** COLLECTED DATA follows **
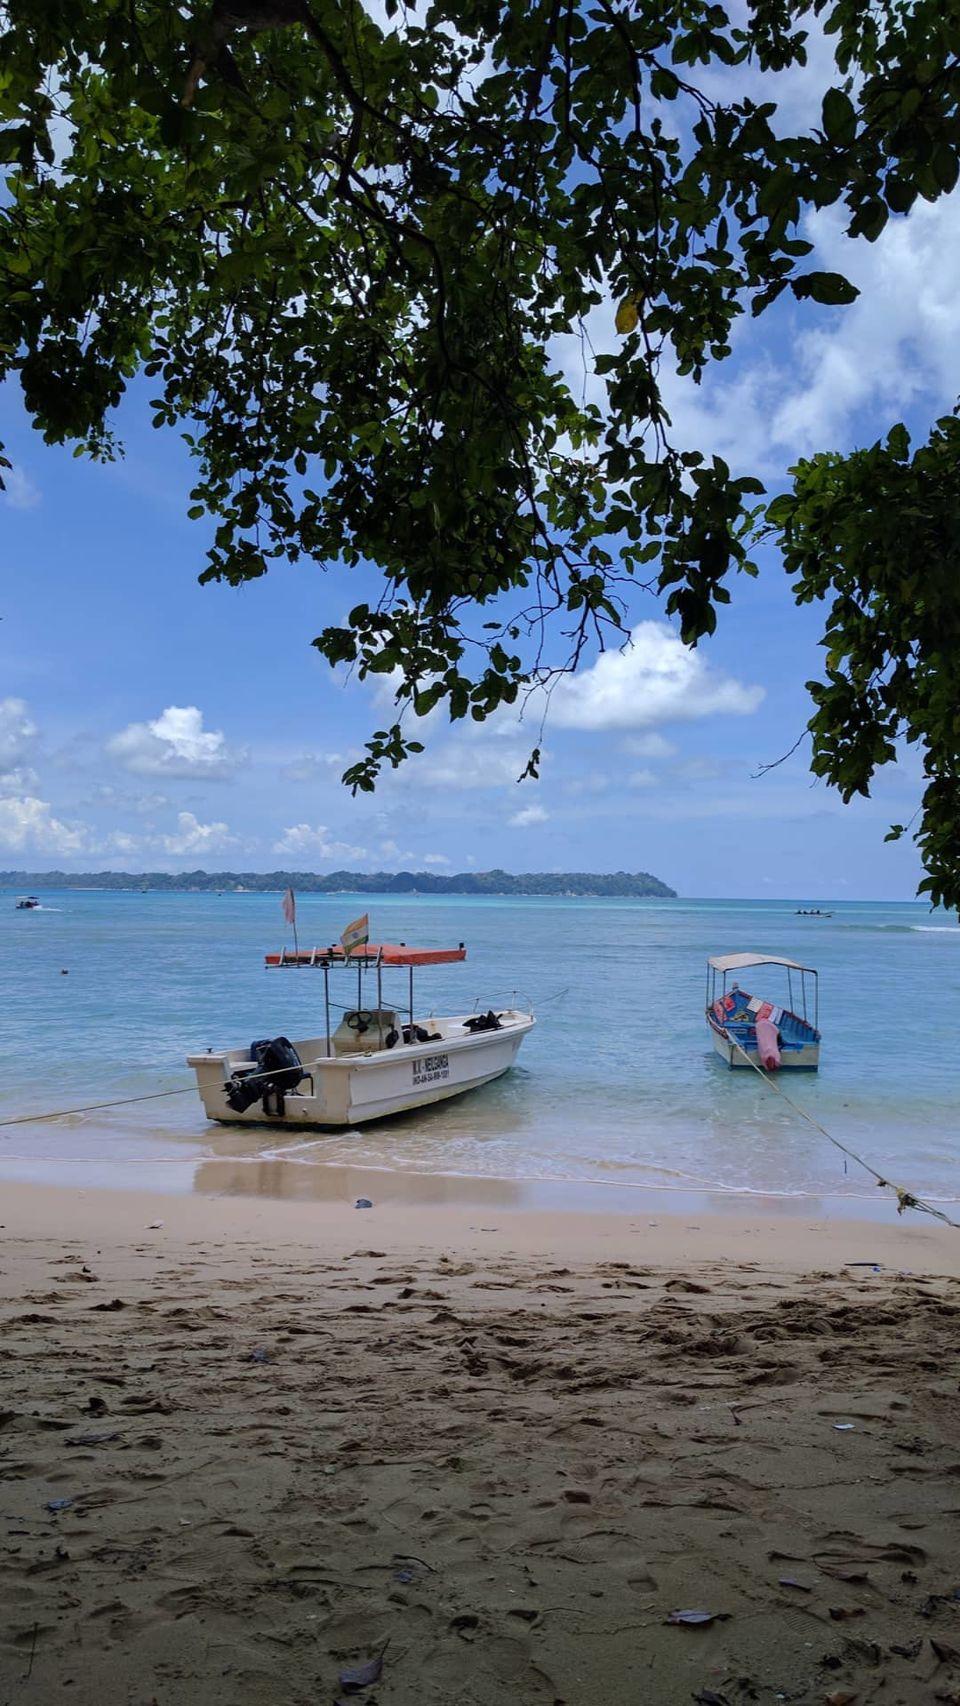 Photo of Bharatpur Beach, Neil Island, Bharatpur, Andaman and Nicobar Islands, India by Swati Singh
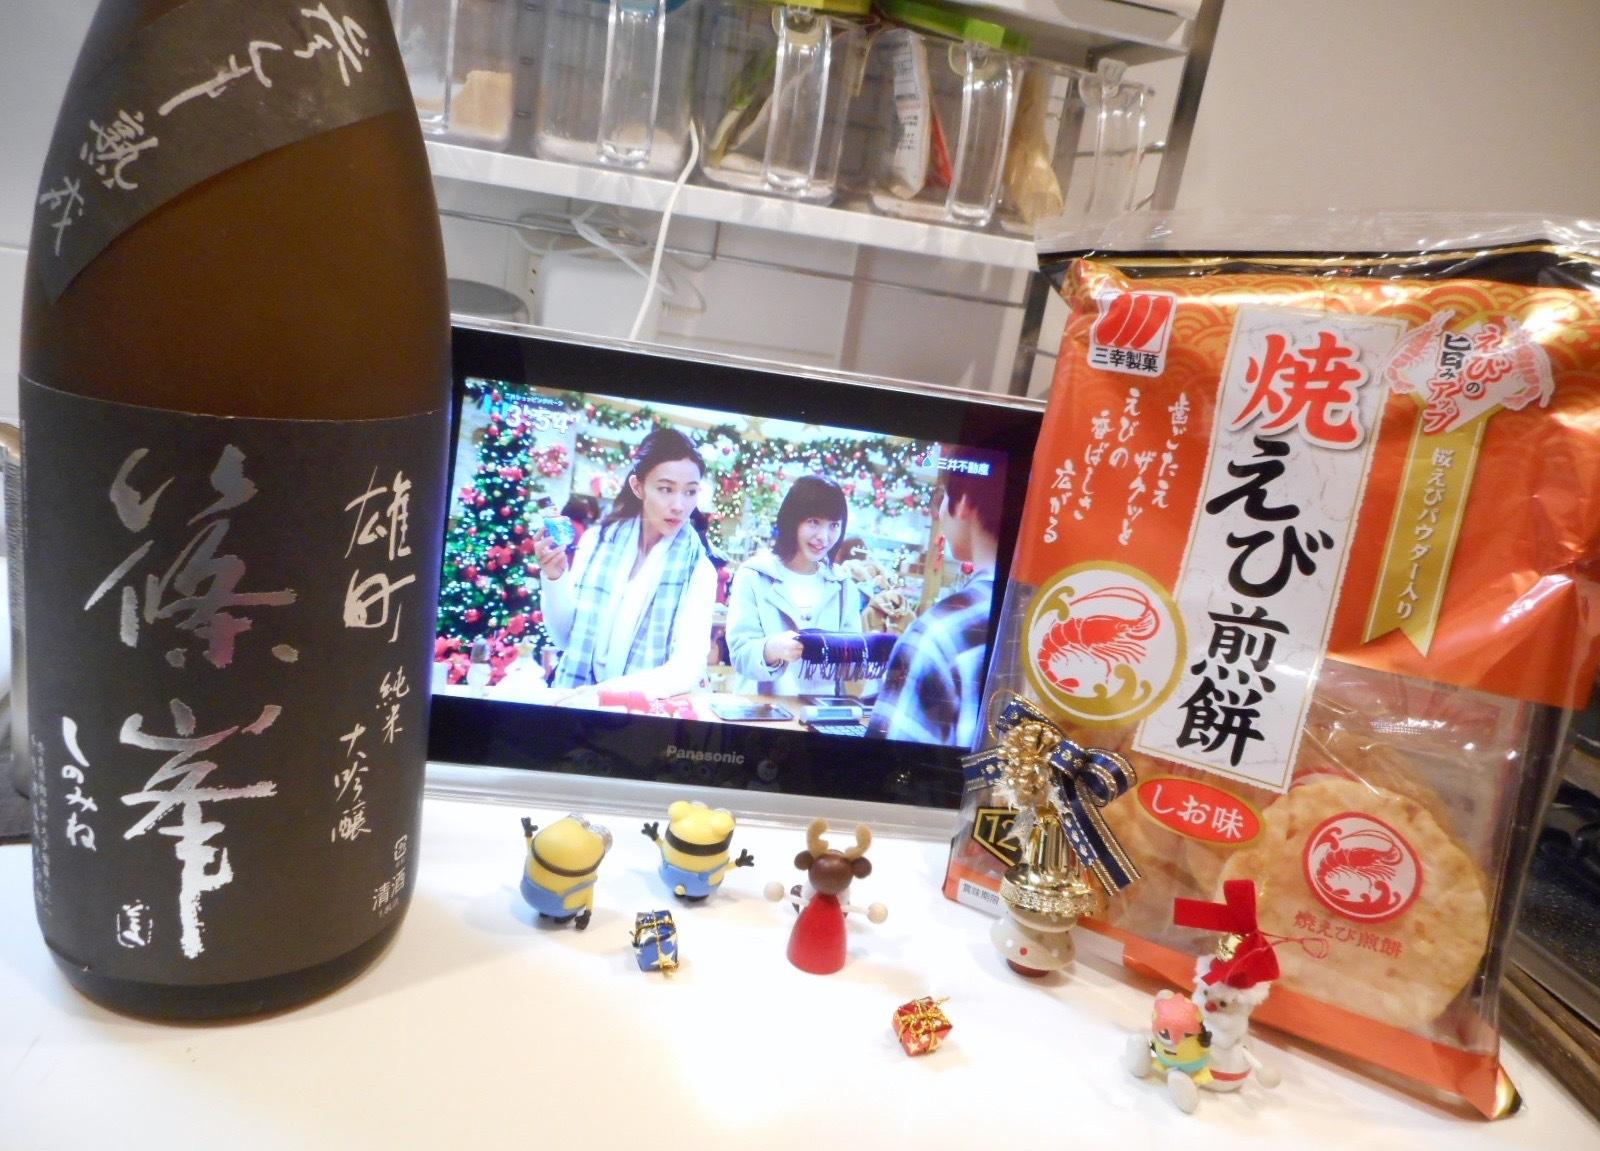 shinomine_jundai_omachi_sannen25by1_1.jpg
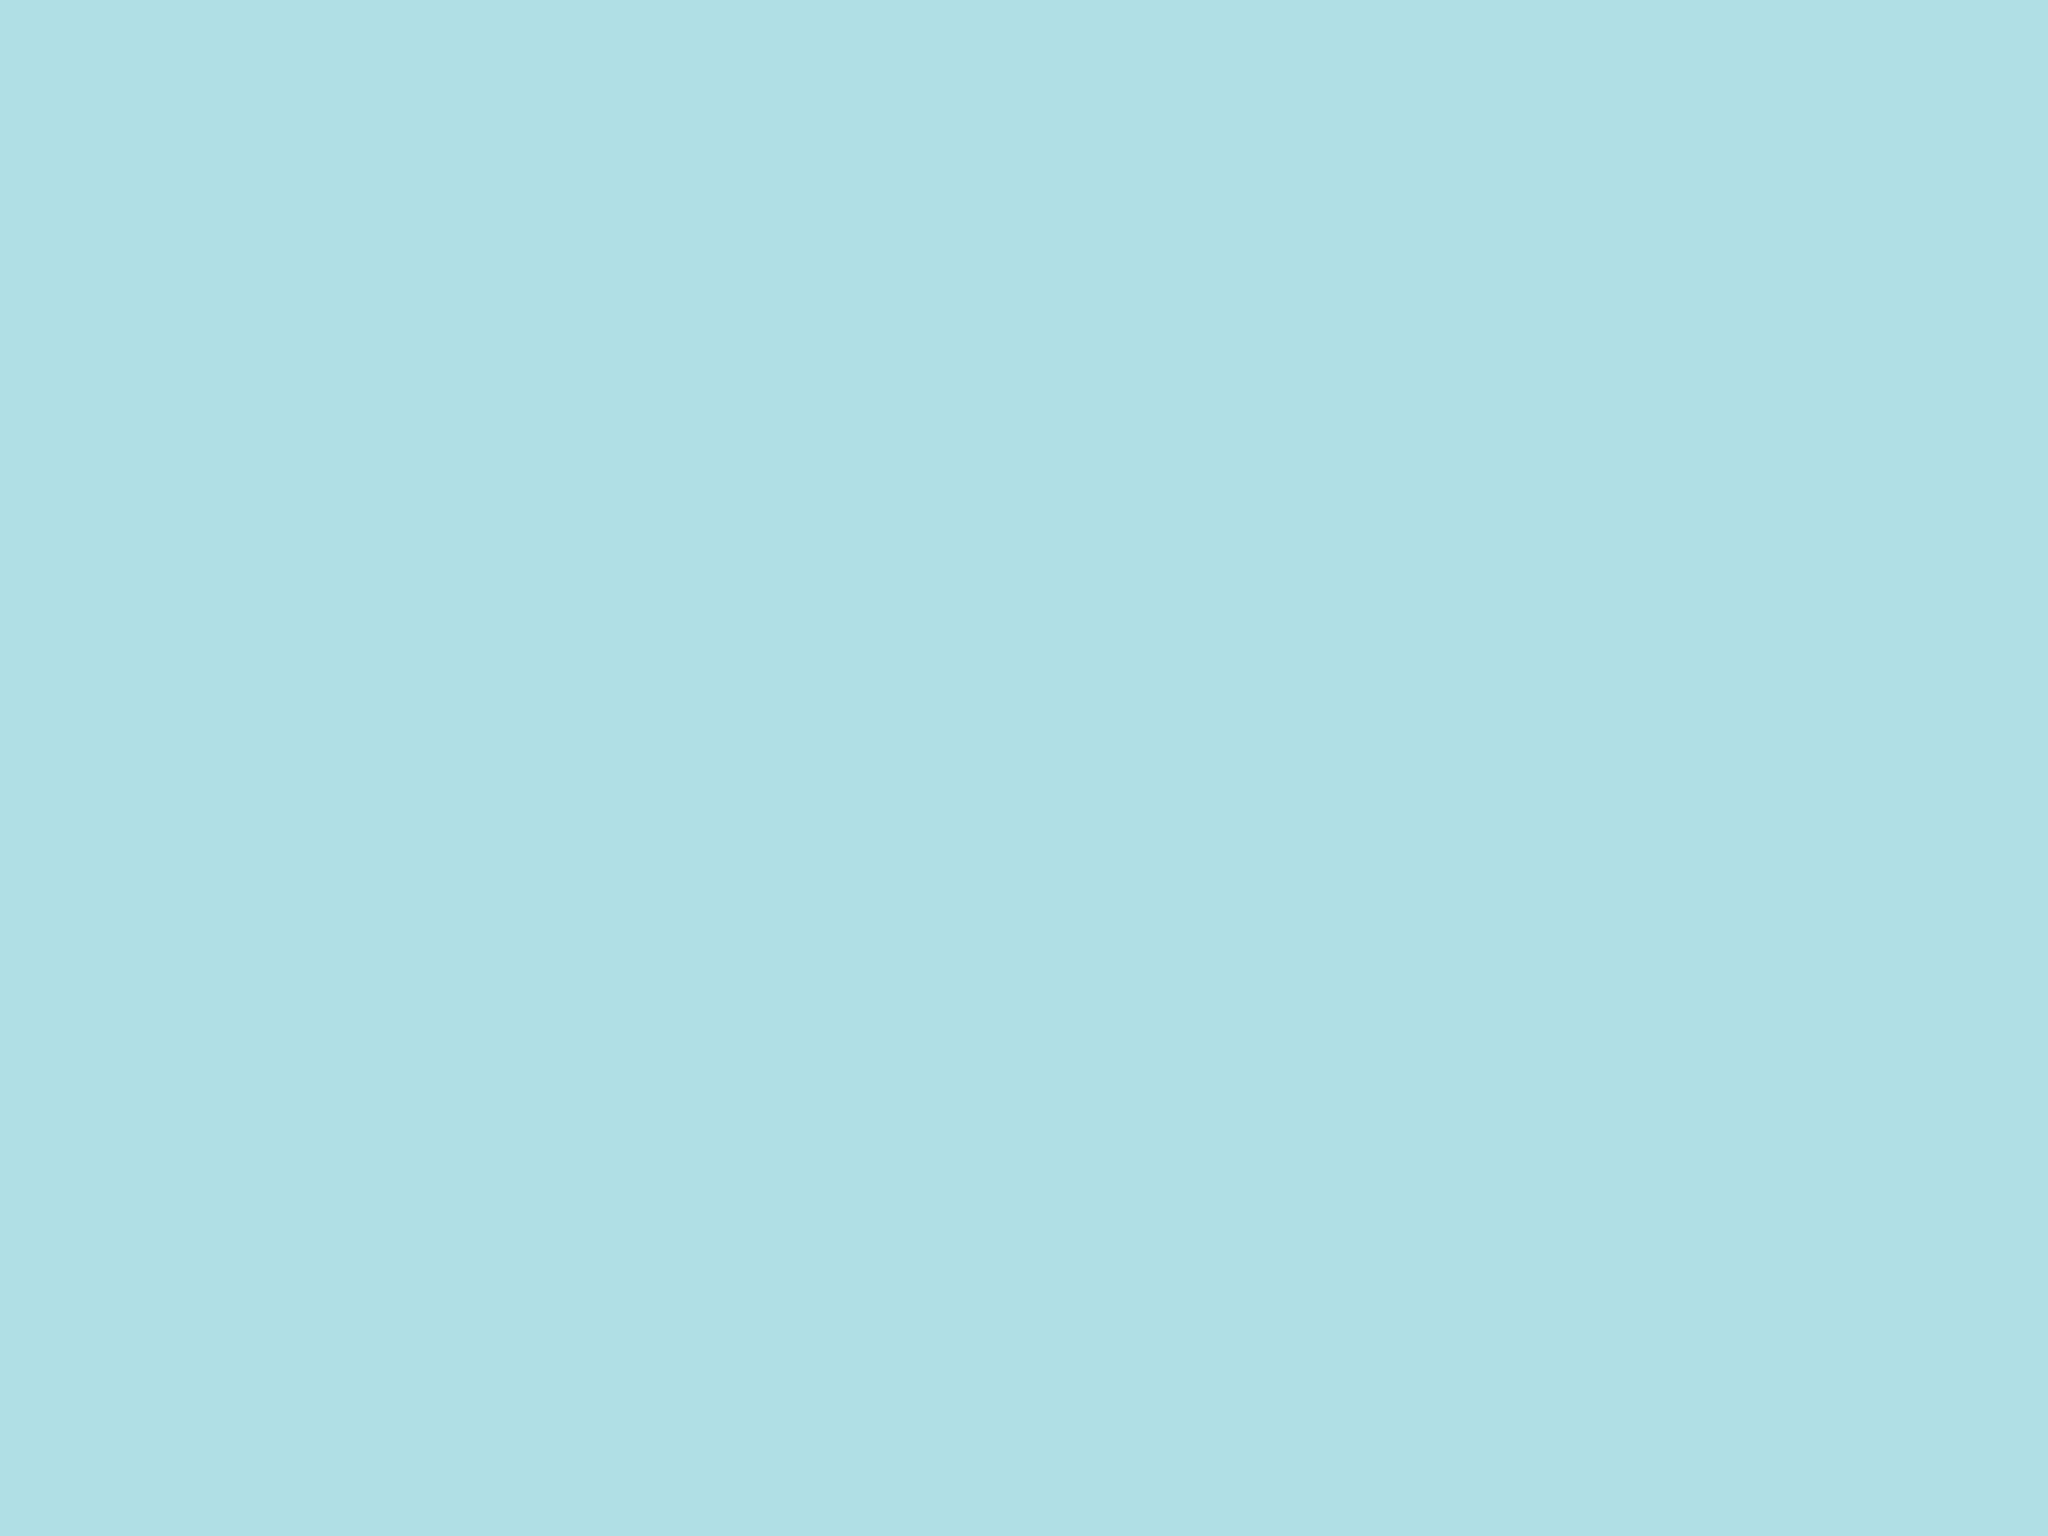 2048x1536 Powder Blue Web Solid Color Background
** End of COLLECTED DATA **
### TASK GOAL
Once you find the line with "shinomine_jundai_omachi_sannen25by1_1.jpg", restate it and every later line of the data word for word, excluding the pictures.

### OUTPUT FOR THIS TASK
 shinomine_jundai_omachi_sannen25by1_1.jpg
 2048x1536 Powder Blue Web Solid Color Background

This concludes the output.